How to Choose the Right Database for Your Project

The Database Decision Matters More Than You Think

Choosing a database is one of those decisions that feels straightforward until you are two years into a project and realise your data layer is fighting against you. The wrong choice does not usually announce itself with a dramatic failure. It shows up as increasingly complex queries, awkward workarounds, and a growing sense that everything would be simpler if the data lived somewhere else.

Having worked on projects that got this decision right (and a few that got it spectacularly wrong), I can tell you that the key is understanding your data and access patterns before reaching for a familiar tool. This guide walks through the major database categories, when each one shines, and how to make a decision you will not regret.

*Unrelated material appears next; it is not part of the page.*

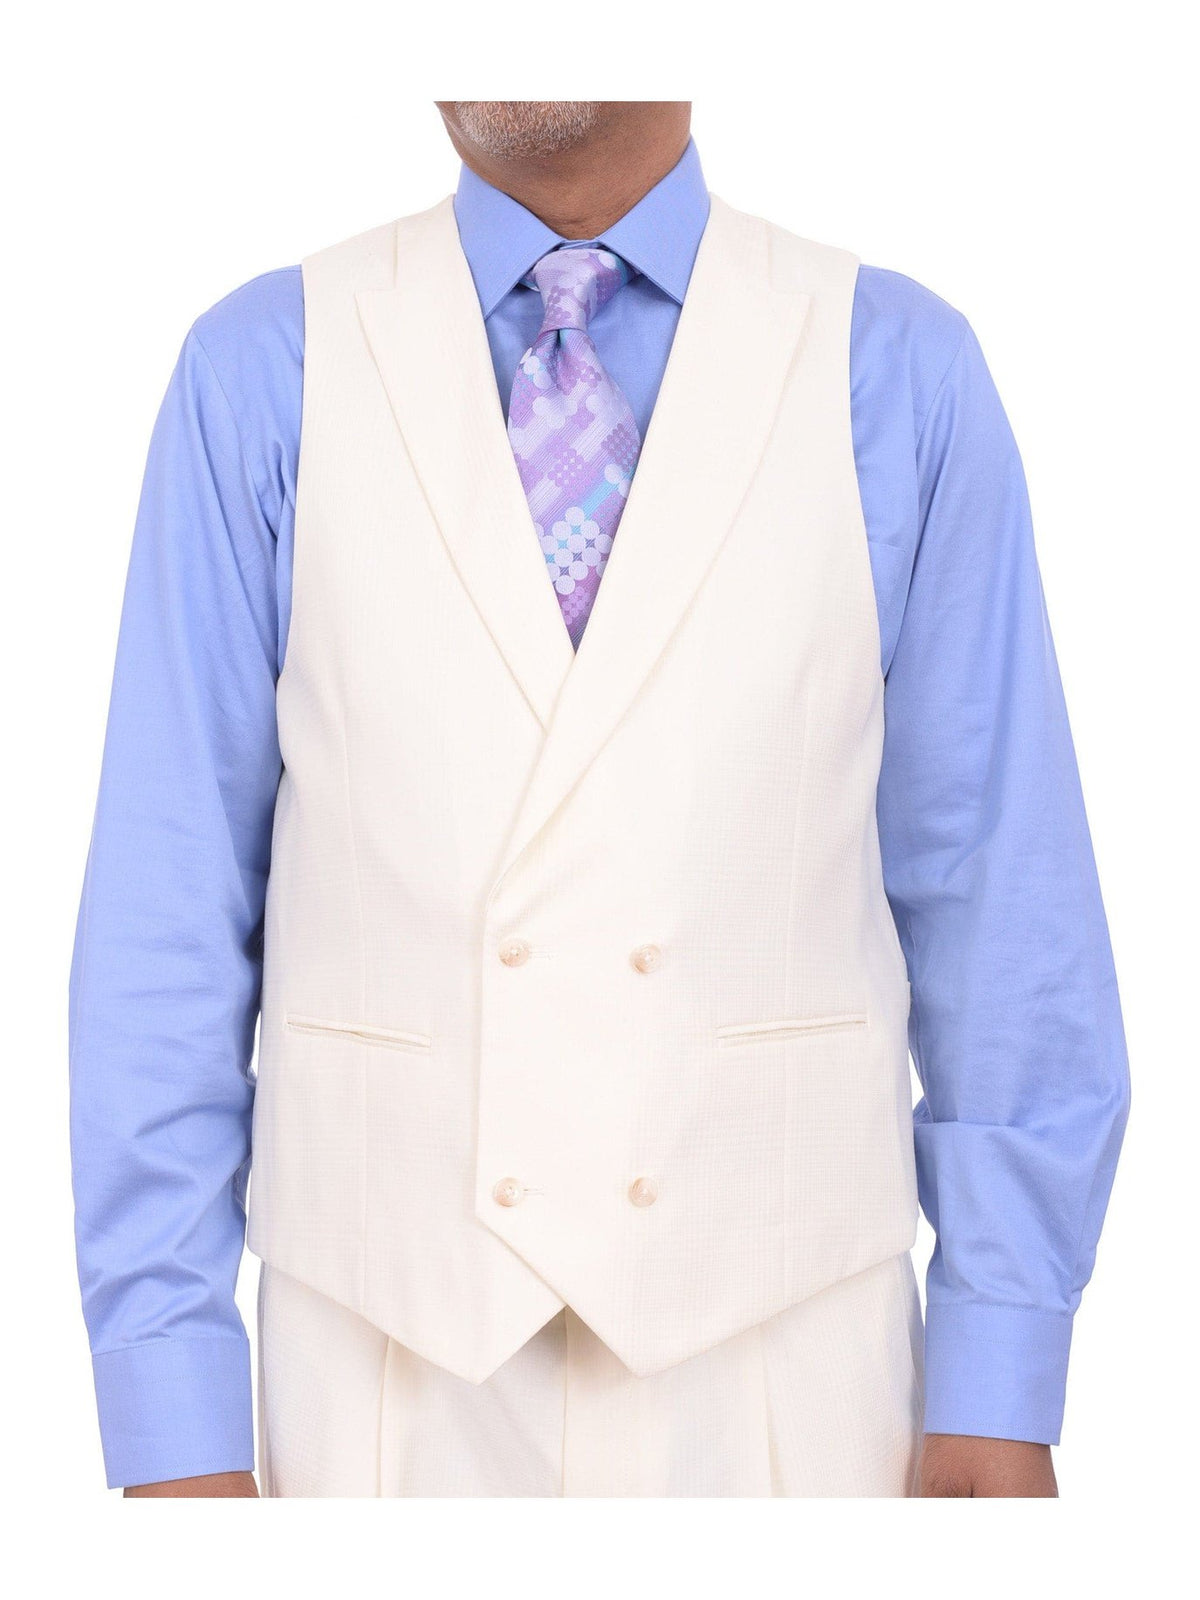 Steven Land Sale Suits Steven Land Cream Tonal Glen Plaid One Button Three Piece Suit With Peak Lapels

The Major Database Categories

Before comparing specific products, it helps to understand the broad categories and what each is designed to do well.

Relational Databases (SQL)

Relational databases store data in tables with defined schemas, enforcing relationships through foreign keys and constraints. They use SQL for querying and support ACID transactions, meaning your data stays consistent even when things go wrong.

Best for: applications with structured data, complex relationships between entities, and a need for strong consistency. Think e-commerce platforms, CRM systems, financial applications, and most web applications.

Examples: PostgreSQL ↗, MySQL ↗, SQLite ↗, MariaDB

Document Databases

Document databases store data as flexible JSON-like documents. Each document can have a different structure, making them well suited to data that does not fit neatly into rows and columns.

Best for: content management systems, product catalogues with varying attributes, user profiles with optional fields, and applications where the schema changes frequently.

Examples: MongoDB ↗, CouchDB, Amazon DocumentDB

Key-Value Stores

Key-value stores are the simplest database type. You store a value against a key, and you retrieve it by that key. They are extremely fast for simple lookups but offer limited querying capabilities.

Best for: caching, session storage, feature flags, rate limiting, and any scenario where you are reading and writing individual records by a known key.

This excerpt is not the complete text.